How to find no. of hybrid orbitals Na2 CrO4

Answer 1

4

Answer 2

• Identify the central atom and its oxidation state: In Na₂CrO₄, the central atom is Chromium (Cr) within the chromate ion (CrO₄²⁻).

  • Let the oxidation state of Cr be 'x'.
  • The oxidation state of Oxygen (O) is -2.
  • The overall charge of the chromate ion is -2.
  • So, x + 4(-2) = -2
  • x - 8 = -2
  • x = +6.
  • Therefore, Chromium is in the +6 oxidation state (Cr(VI)).

• Determine the electronic configuration of Cr(VI):

  • Ground state electronic configuration of Cr (atomic number 24): [Ar] 3d⁵ 4s¹
  • To form Cr(VI), 6 electrons are removed (1 from 4s, then 5 from 3d).
  • Electronic configuration of Cr(VI): [Ar] 3d⁰ 4s⁰. This indicates that both the 3d and 4s orbitals are empty.

• Determine the number of sigma bonds and lone pairs around the central atom:

  • In CrO₄²⁻, there are four oxygen atoms bonded to the central chromium atom.

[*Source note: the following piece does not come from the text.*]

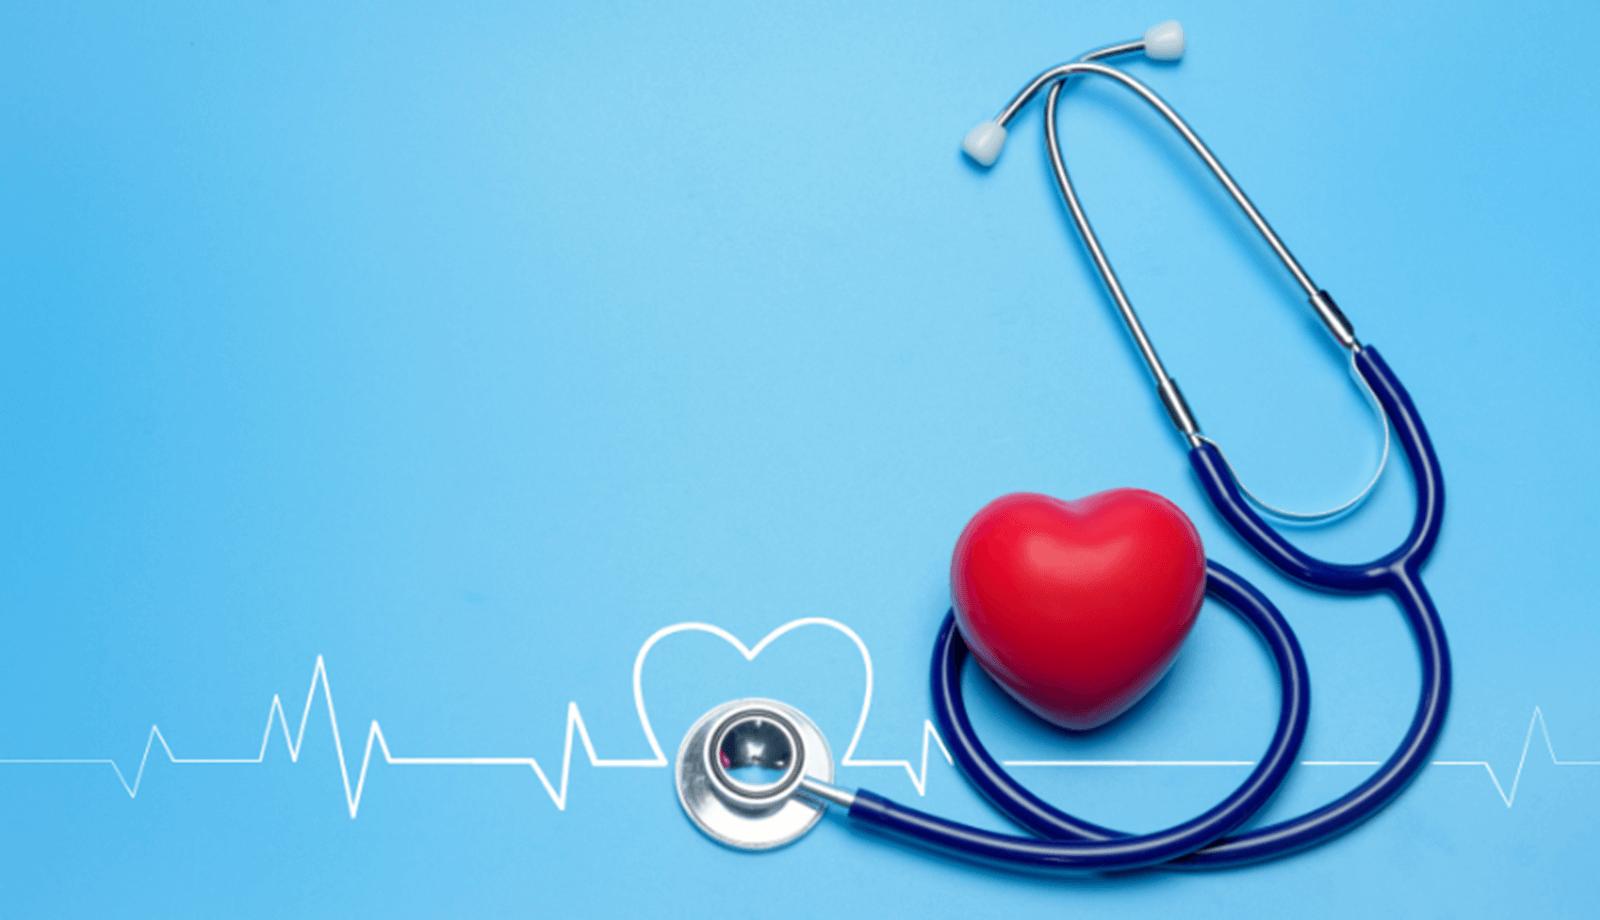 magas vérnyomás elleni nap 2020 tejtermékek magas vérnyomás ellen

Each Cr-O bond involves a sigma bond.
  • Number of sigma bonds = 4.
  • Since Cr(VI) has no valence electrons (3d⁰ 4s⁰), there are no lone pairs on the central Cr atom.
  • Number of lone pairs = 0.

• Calculate the steric number and determine the number of hybrid orbitals:

  • Steric Number (SN) = (Number of sigma bonds) + (Number of lone pairs on the central atom)
  • SN = 4 + 0 = 4.
  • The number of hybrid orbitals formed is equal to the steric number.
  • Therefore, there are 4 hybrid orbitals.
  • For transition metals in high oxidation states with vacant d-orbitals, these 4 hybrid orbitals are formed by the mixing of one 4s orbital and three 3d orbitals, leading to d³s hybridization.

The number of hybrid orbitals in Na₂CrO₄ (specifically on the central Cr atom in CrO₄²⁻) is 4.